Binning is a process of transforming continuous numerical variables into discrete categorical 'bins'. An example, in our dataset, we can categorize the cars which have high, medium or low horsepower,so we have to convert the horsepower variable which is a continuos number into three categorical variables

As the firt step, we convert the horsepower into float and then we find the width of each bin, for which we should divide the distance between the maximum and minimum value of that column by the number of bins +1.

In [20]:
df["horsepower"]=df["horsepower"].astype(float, copy=True)
binwidth = (max(df["horsepower"])-min(df["horsepower"]))/4

We can then create the bins using numpy arange

In [21]:
bins = np.arange(min(df["horsepower"]),max(df["horsepower"]),binwidth)

We can now create labels for the bins, and use the pd.cut to convert the numbers into bins

In [22]:
groupNames = ["Low","Medium", "High"]
df["horsepower-binned"]= pd.cut(df["horsepower"],bins, labels=groupNames, include_lowest= True)

To check if we have correctly converted the numbers we can have a look using .head() on these two columns.

In [23]:
df[["horsepower","horsepower-binned"]].head(30)

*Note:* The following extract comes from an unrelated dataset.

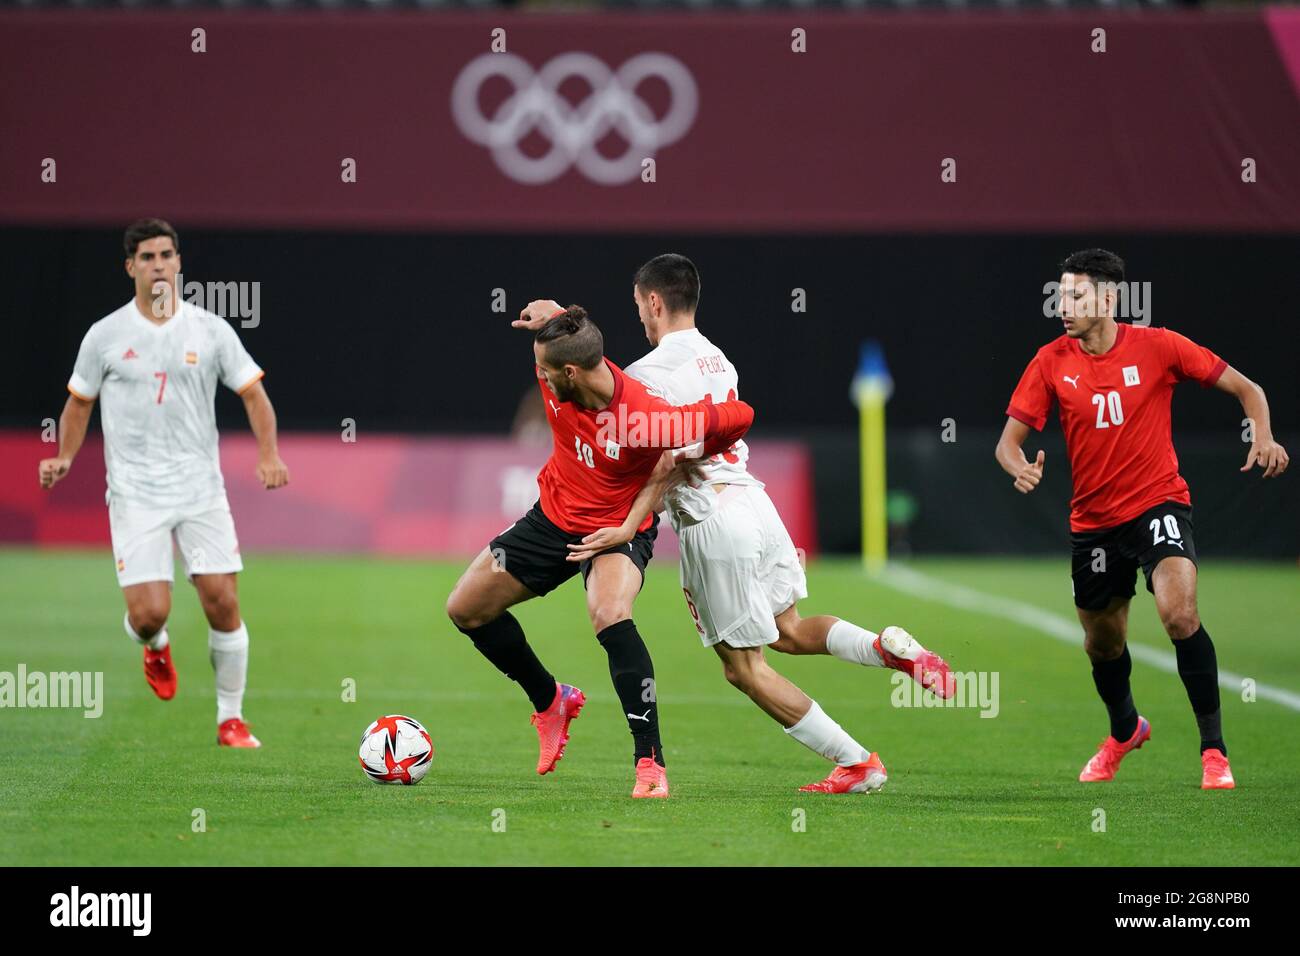 Sapporo, Japan. 22nd July, 2021. Ramadan Sobhi (10 Egypt) and Pedri Gonzales (16 Spain) battle for the ball (duel) during the Men's Olympic Football Tournament Tokyo 2020 match between Egypt and Spain at Sapporo Dome in Sapporo, Japan. Credit: SPP Sport Press Photo. /Alamy Live News Stock Photo

Unnamed: 0,horsepower,horsepower-binned
0,111.0,Medium
1,111.0,Medium
2,154.0,Medium
3,102.0,Medium
4,115.0,Medium
5,110.0,Medium
6,110.0,Medium
7,110.0,Medium
8,140.0,Medium
9,101.0,Low


## Bin visualisation 
Another way of showing the numbers in a binned way, is employing histogram:

In [24]:
%matplotlib notebook
import matplotlib.pyplot as plt
plt.hist(df["horsepower"], bins = 3)
plt.xlabel("horsepower")
plt.ylabel("count")
plt.title("horsepower bins")


<IPython.core.display.Javascript object>

Text(0.5,1,'horsepower bins')

## Converting unique values into dummy(indicator) variables
 In order to use the unquie values of some columns as categorical variables which are later used in the regression analysis, we have to first convert them into dummy variables
Dummy variables are numerical variables that represent categories.
Example, the column "fuel-type" has two unique values, "gas" or "diesel". Regression doesn't understand words, only numbers. To use this attribute in regression analysis, we convert "fuel-type" into indicator variables.

In [25]:
dummy_variables_fuelType= pd.get_dummies(df["fuel-type"])
dummy_variables_fuelType.head(5)

Unnamed: 0,diesel,gas
0,0,1
1,0,1
2,0,1
3,0,1
4,0,1


In order to give a better representation, we can rename these two columns:

In [26]:
dummy_variables_fuelType.rename(columns={"gas":'fuel-type-diesel',"diesel":'fuel-type-diesel'}, inplace=True)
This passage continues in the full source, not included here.